1:There are 7 seats in the family new van. if 4 of the 7 family members can drive,how many possible seating arrengements are there for a family trip in the van?
2:How many even five digit numbers can be formed using only the numbers through 1 and 7?
first the driver in the driver seat
4 possible
that leaves three with the other three to choose the other six seats. How many arrangements of those six people?
the first one has 6 choices, the second 5 choices .....
6*5*4 etc or 6!
so 4 * 6!
even ends in 2 , 4 , 6
so the fifth digit must be 2, 4, or 6
the fourth must be 1, 2 , 3 , 4 , 5 ,6 , 7 seven choices
the third - 7 choices
the second -- 7 choices
he first - 7 choices
so
2 * 7^4
3*7^4
1: To find the number of possible seating arrangements, we can use the concept of permutations. In this case, since there are 7 seats in the van and 4 family members can drive, we need to select 4 people from a group of 7.

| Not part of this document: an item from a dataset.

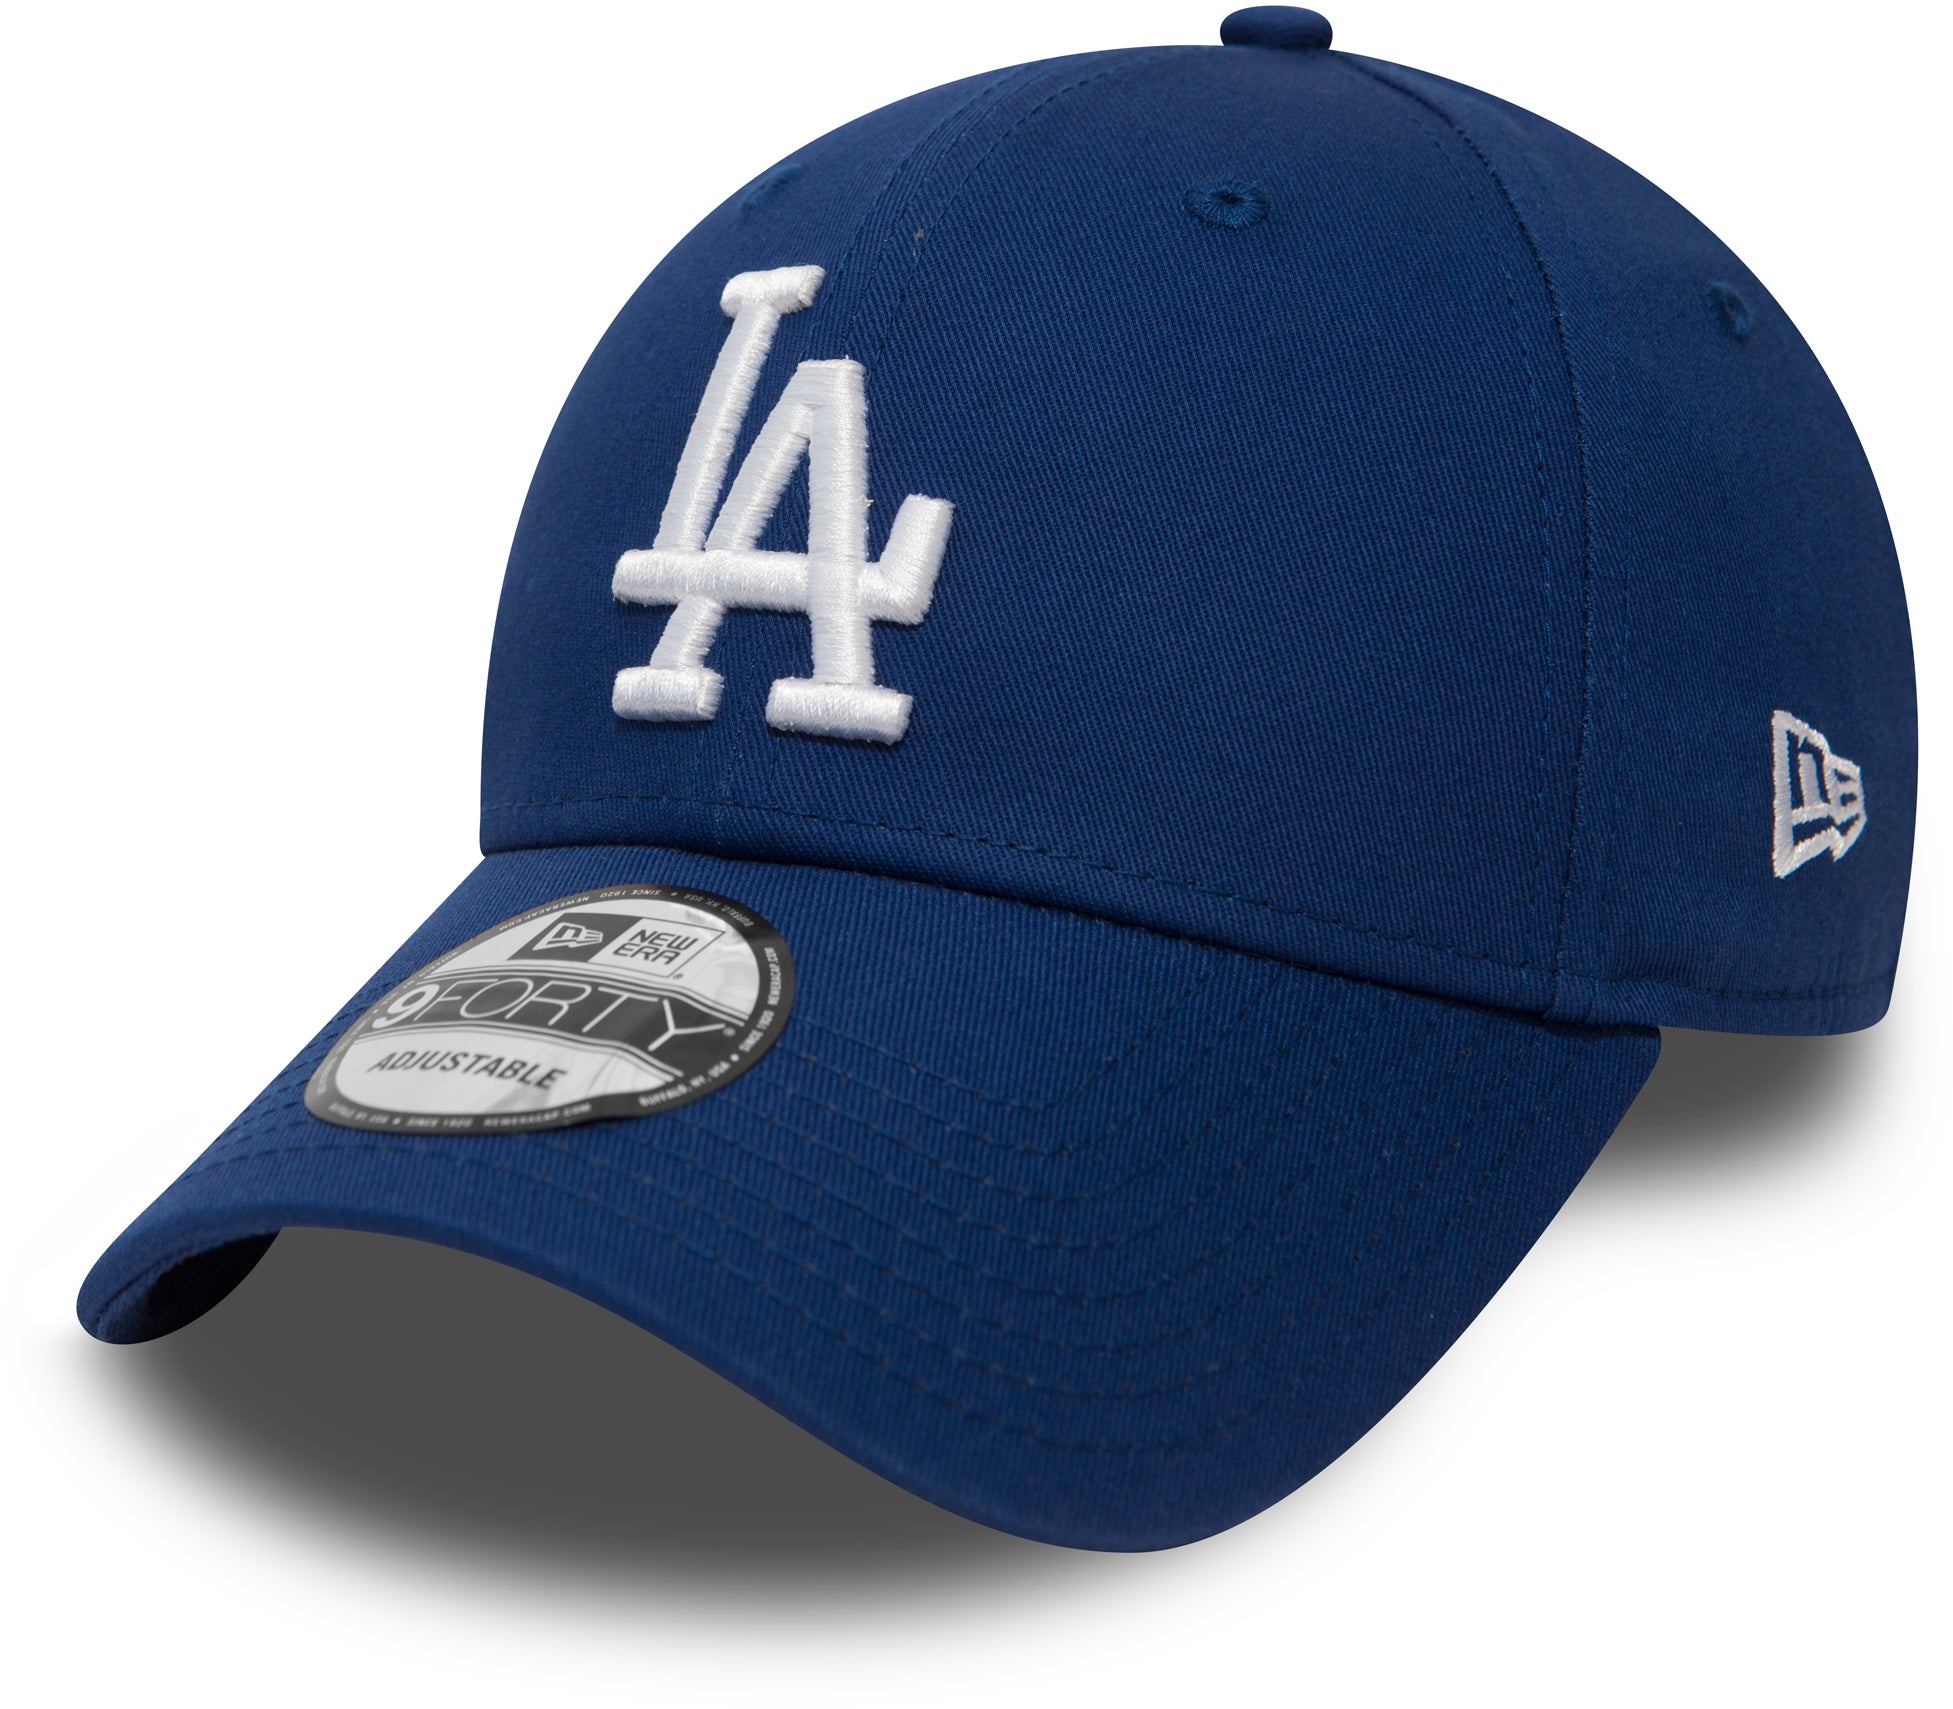 LA Dodgers New Era 940 League Essential Royal Blue Baseball Cap

The number of ways to select 4 people from a group of 7 is given by the combination formula, which is calculated as:
C(n, r) = n! / (r!(n-r)!)
where C(n, r) represents the combination of selecting r items from a set of n items.
In this case, n = 7 (total number of family members) and r = 4 (number of driving family members). Plugging these values into the combination formula, we get:
C(7, 4) = 7! / (4!(7-4)! )
= 7! / (4!3!)
= (7 * 6 * 5 * 4 * 3 * 2 * 1) / ((4 * 3 * 2 * 1) * (3 * 2 * 1))
= 35
Therefore, there are 35 possible seating arrangements for the family trip in the van.
2: To find the number of even five-digit numbers that can be formed using only the numbers 1 to 7, we need to consider some constraints.
Since the number needs to be even, the units digit must be either 2, 4, 6. The remaining four digits can be filled with any number from 1 to 7.
We have three options for the units digit, and for each of these options, we have 7 choices for each of the remaining four digits.
So, the total number of even five-digit numbers that can be formed is calculated as:
Number of options for units digit * Number of options for each remaining digit
= 3 * 7 * 7 * 7 * 7
= 3 * 7^4
= 3 * 2401
= 7203
Therefore, there are 7203 even five-digit numbers that can be formed using only the numbers from 1 to 7.